I don’t care what anyone says, biscuits are kind of a pain in the ass. They’re worth it, but there’s some work involved.
Unless you’re talking about cream biscuits. Cream biscuits are almost as easy as those things you get out of the exploding cardboard can. And way more delicious. I won’t pretend that they’re as delicious as the work-intensive, butter-packed variety, but they serve a purpose.
More than one purpose, really. They’re equally at home with a cup of morning tea and a slather of butter and jam (Wild Blueberry Almond from Laura Ann’s Jams pictured above) as they are served alongside a roasted chicken. They hold together well, and have a lovely, fluffy interior and a crunch on the outside, making them perfect for a sandwich. Or just stuffing in your face as-is.
They’re easy, but they can be ruined. Don’t overwork the dough. It’s even less forgiving than your usual biscuit dough. And make sure your flour is fresh.
1 3/4 cups self-rising flour
3/4 to 1 cup of cream (1/2 & 1/2 works, as does buttermilk too, but the texture will be a little different)
Some melted butter to brush on the tops
Really? That’s it? Just a couple of ingredients? Yes!

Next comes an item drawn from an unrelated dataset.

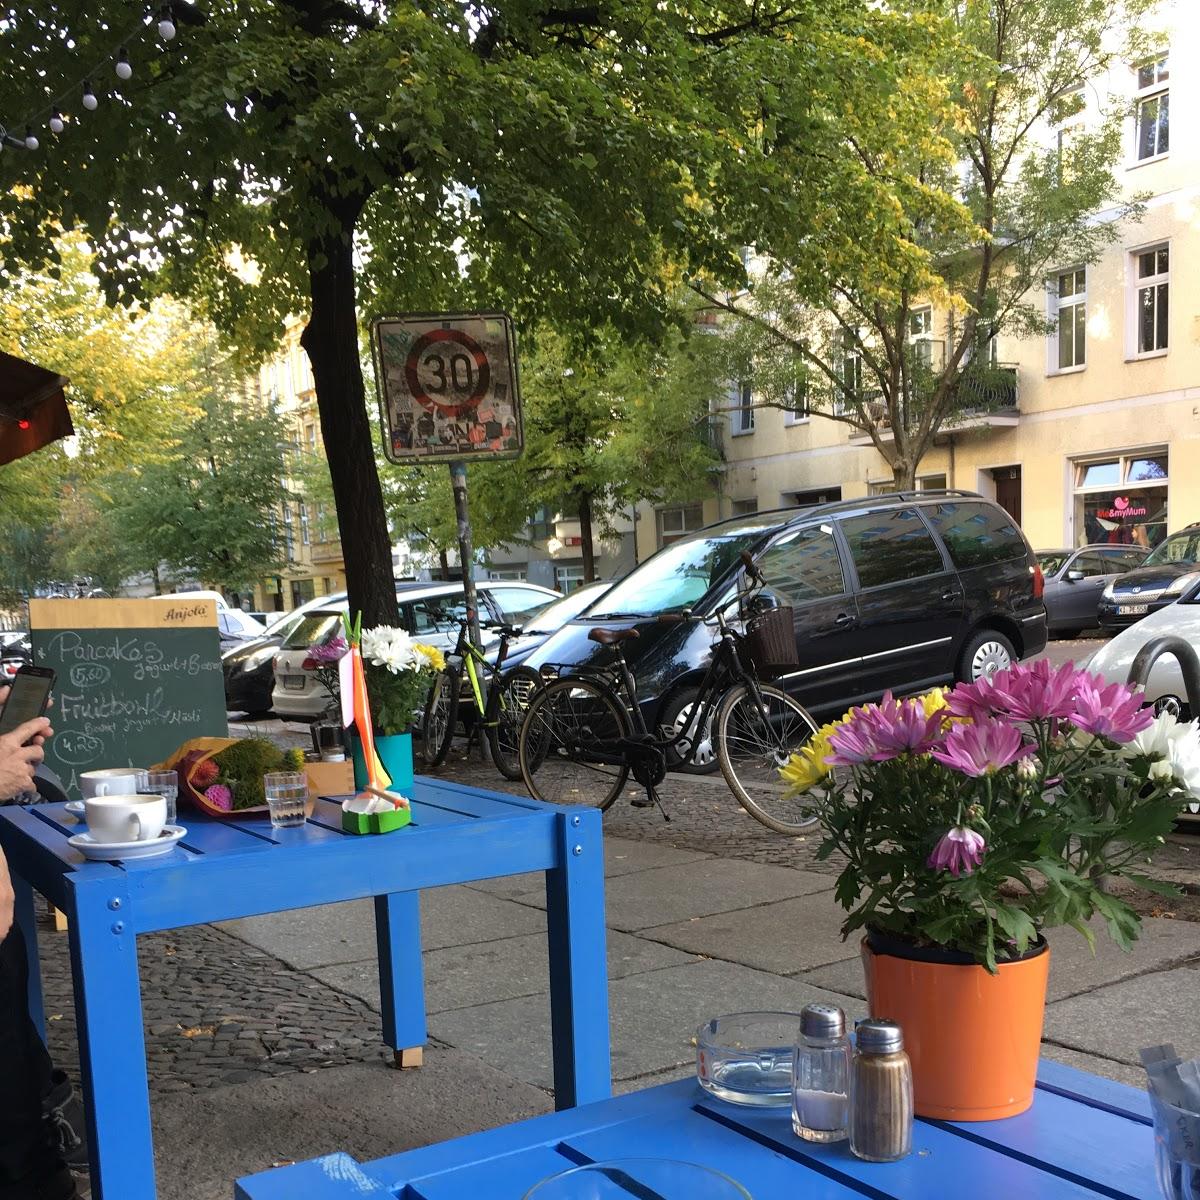 Restaurant "Bootshaus Café" in Berlin

Measure out your flour and stir in the cream with a fork a little at a time. You only need as much cream as it takes to get the flour to hold together. Dump this mess onto a floured surface, pat it out a bit, fold once and pat down a little, fold again, and pat it down to just shy of an inch thick. Or thicker. It doesn’t really matter. Not too thick, though.
Cut out your biscuits with a nice sharp cutter and place on a buttered baking sheet. Brush the tops with butter and bake at 500 degrees until just golden. If you’ve got one of them mighty powerful ovens, go 475 or even 450. Mine runs hot, so I usually go 450.
Serve hot out of the oven! They really don’t keep very well, which is okay since they’re probably all going to get eaten. This recipe will make 6 or 7 biscuits.